- _RAW DATA_
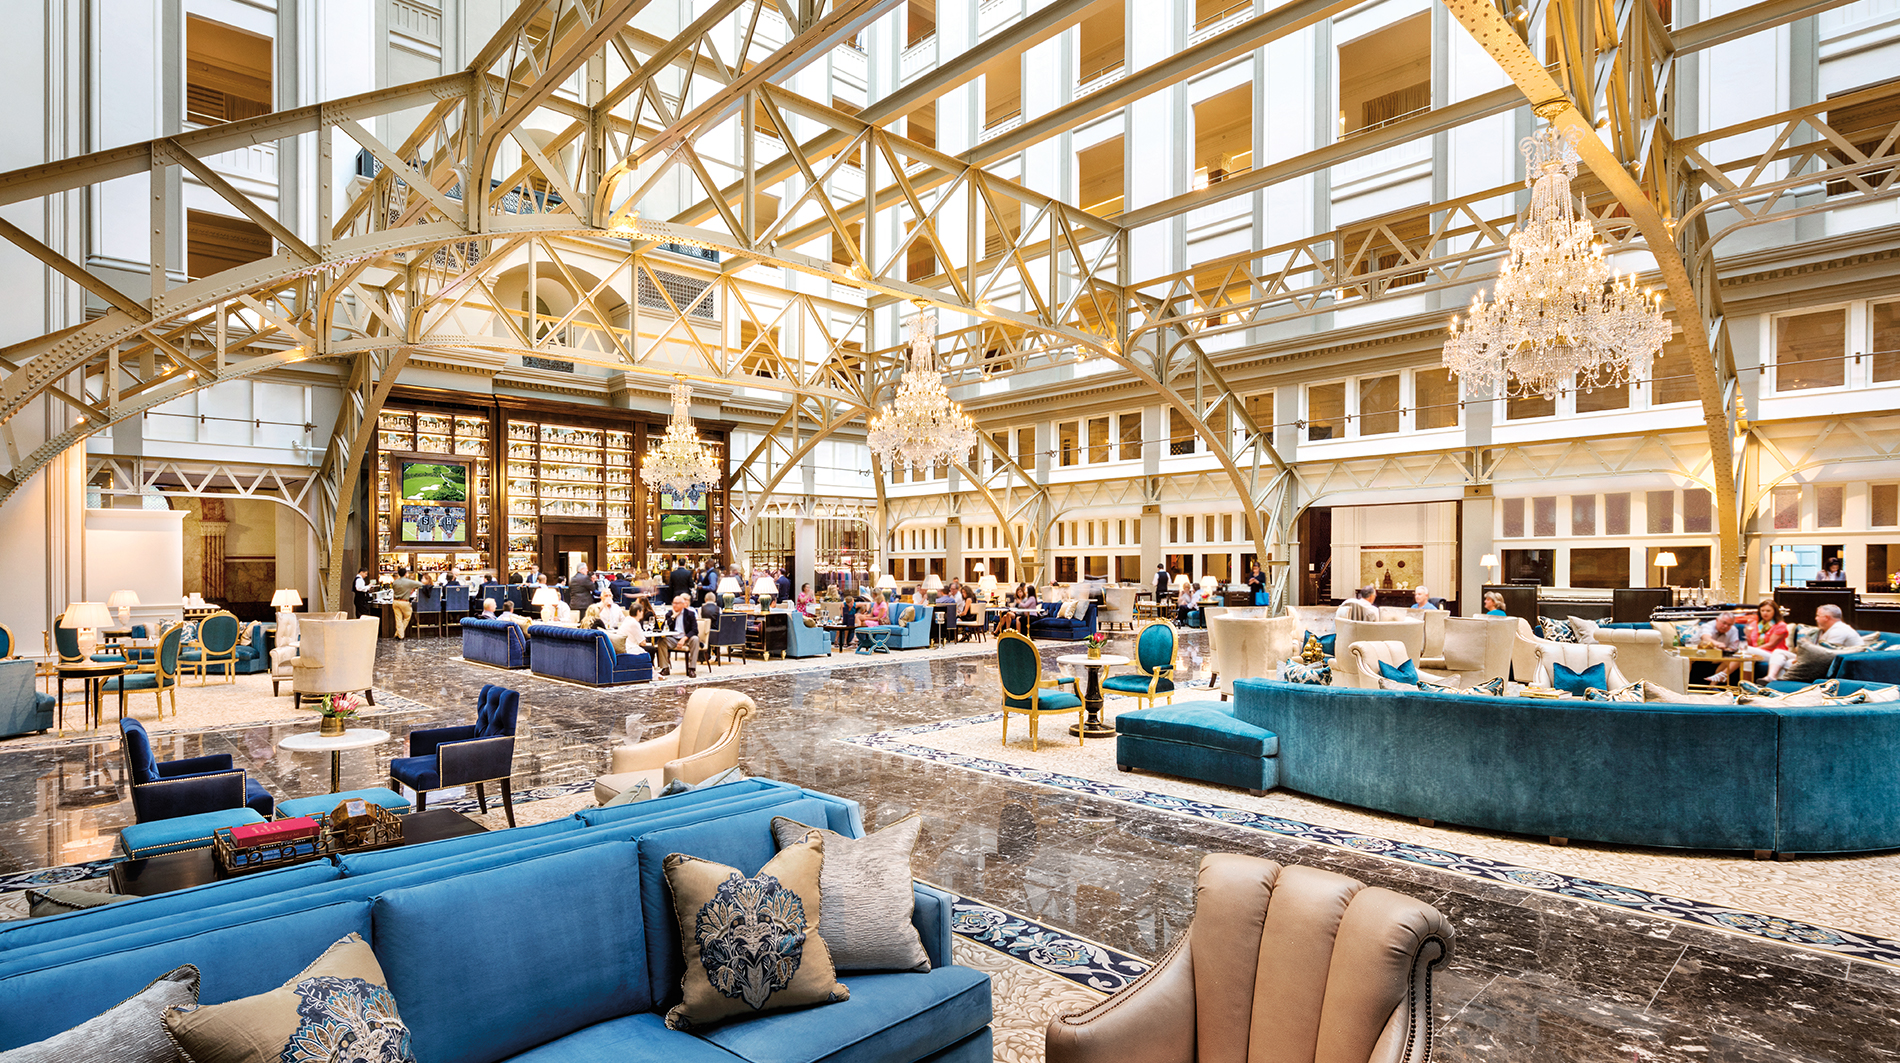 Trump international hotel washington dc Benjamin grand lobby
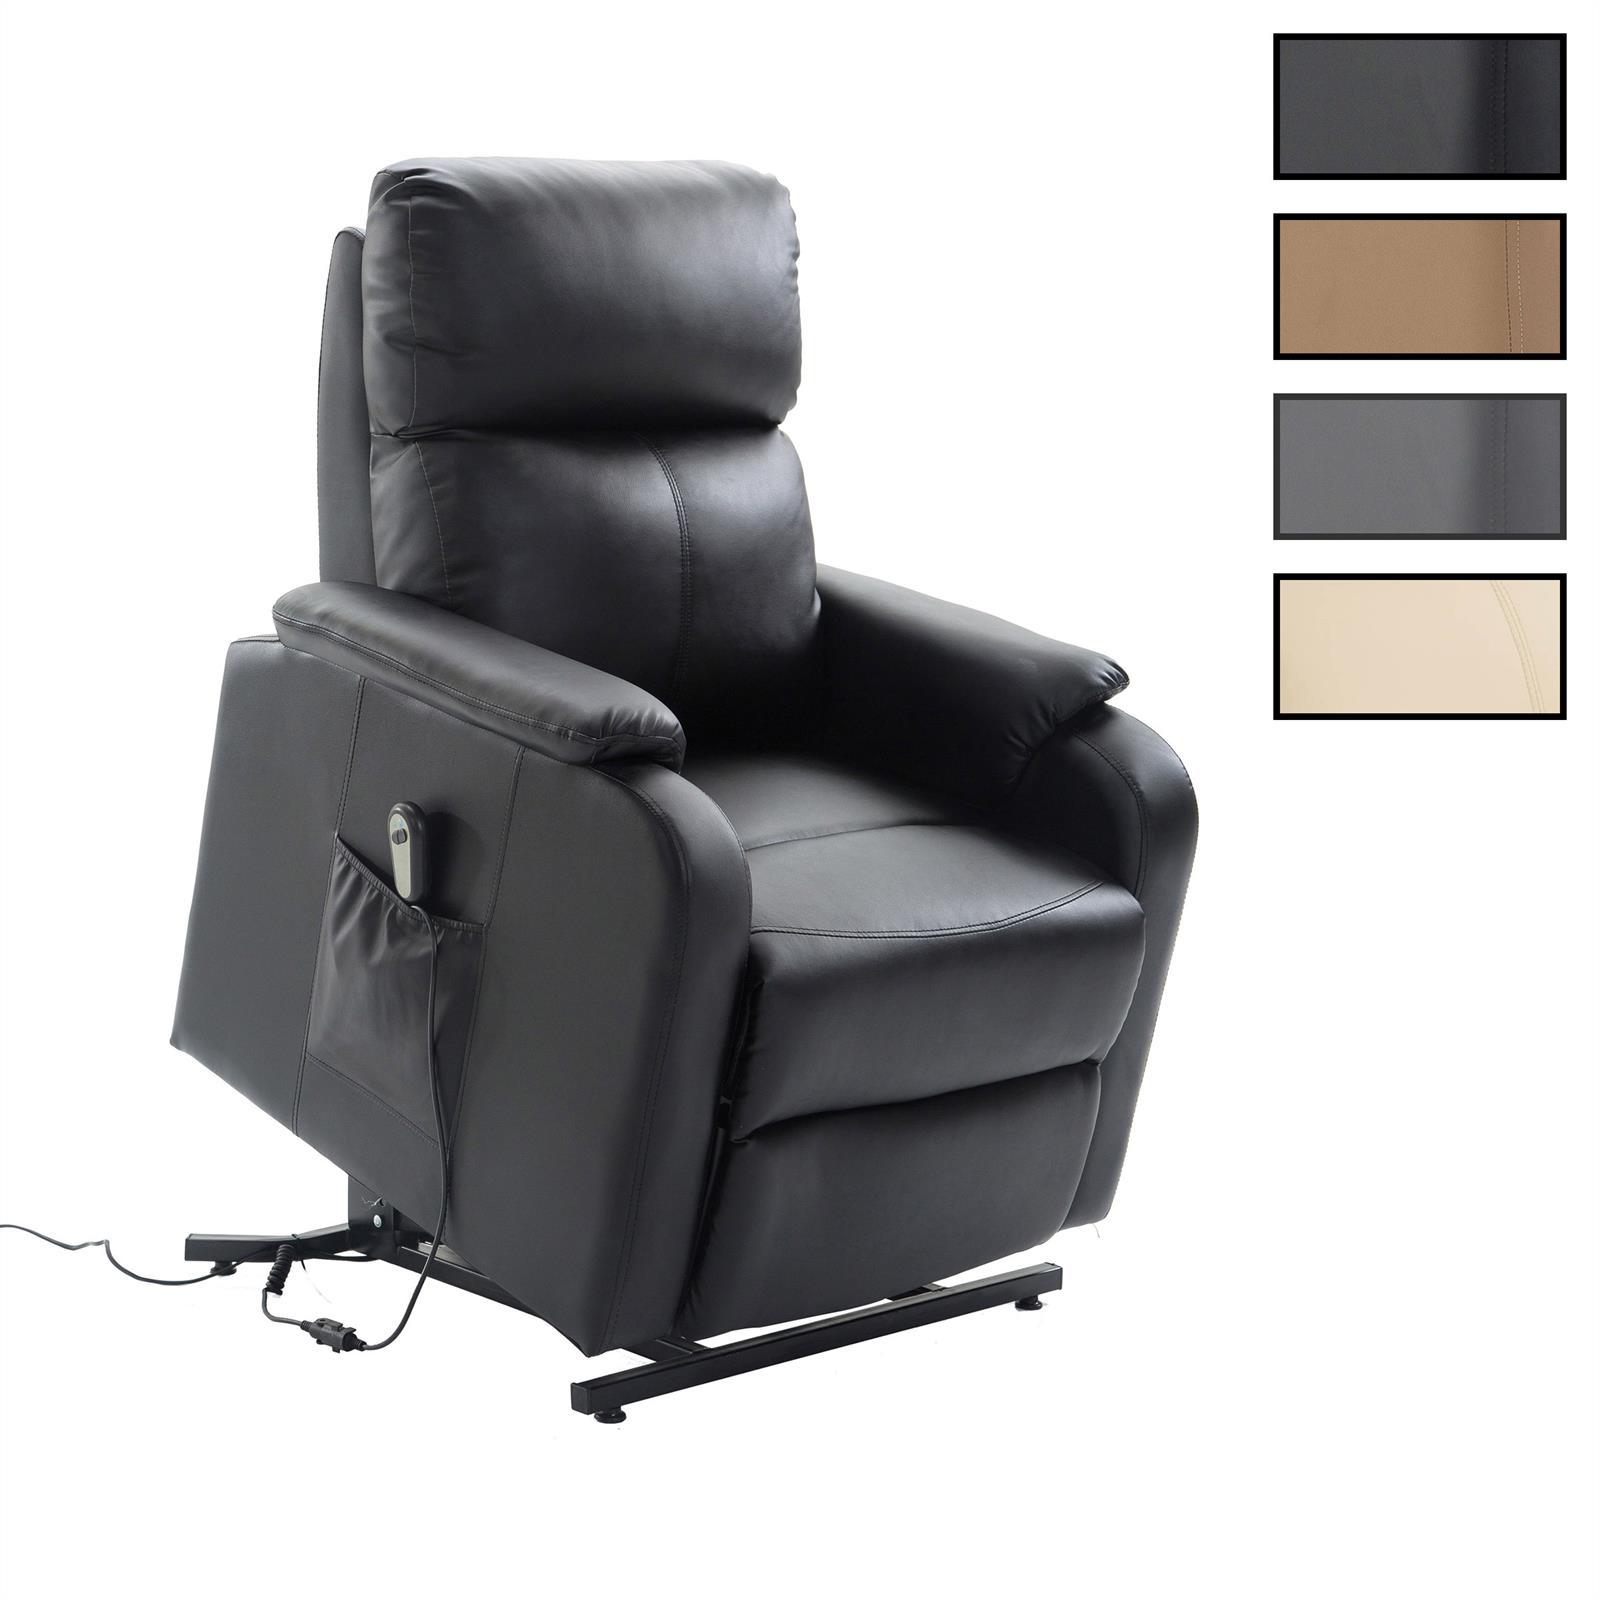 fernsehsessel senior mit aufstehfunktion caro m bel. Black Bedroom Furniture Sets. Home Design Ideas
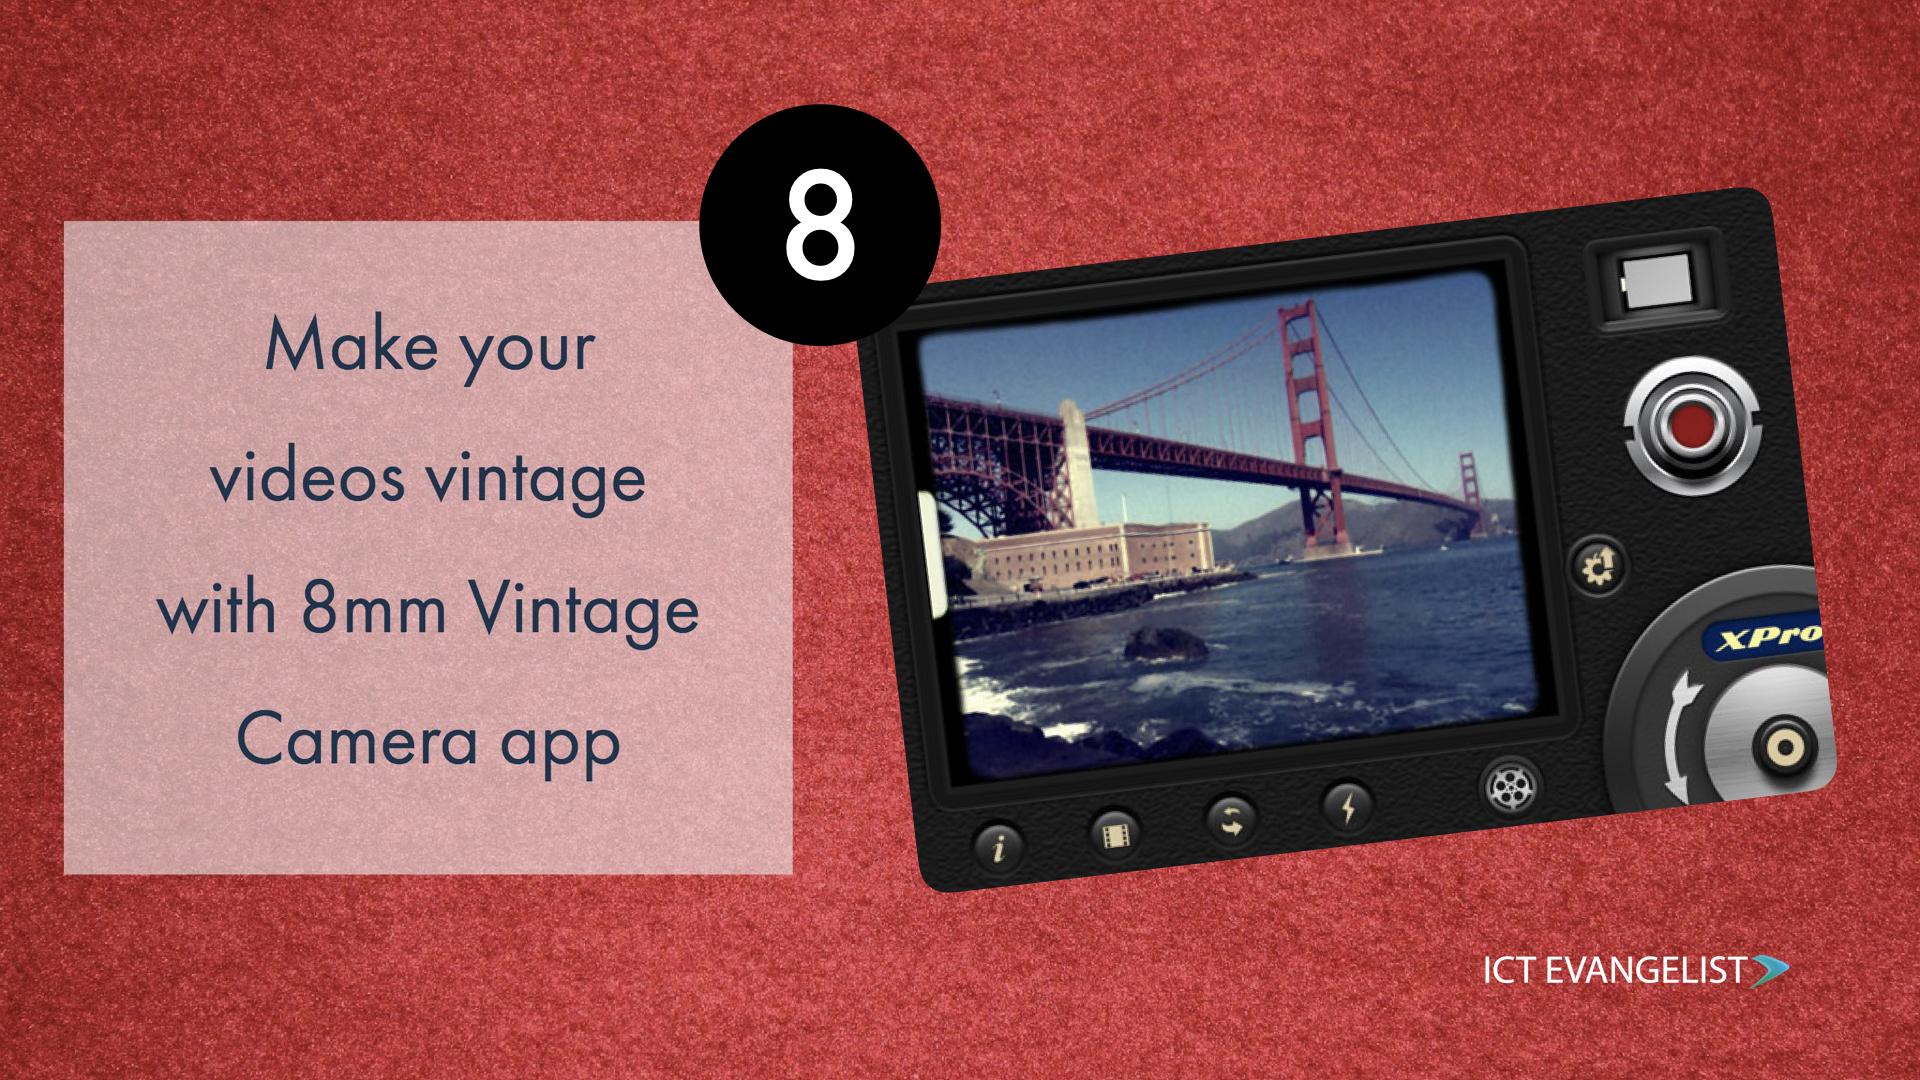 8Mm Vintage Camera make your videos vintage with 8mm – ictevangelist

- _EXERCISE PROMPT_
Please restate word for word each line from the one containing "fernsehsessel senior mit" to the end of the data above, without the pictures.

- _RESULT OF THE TASK_
 fernsehsessel senior mit aufstehfunktion caro m bel. Black Bedroom Furniture Sets. Home Design Ideas
 8Mm Vintage Camera make your videos vintage with 8mm – ictevangelist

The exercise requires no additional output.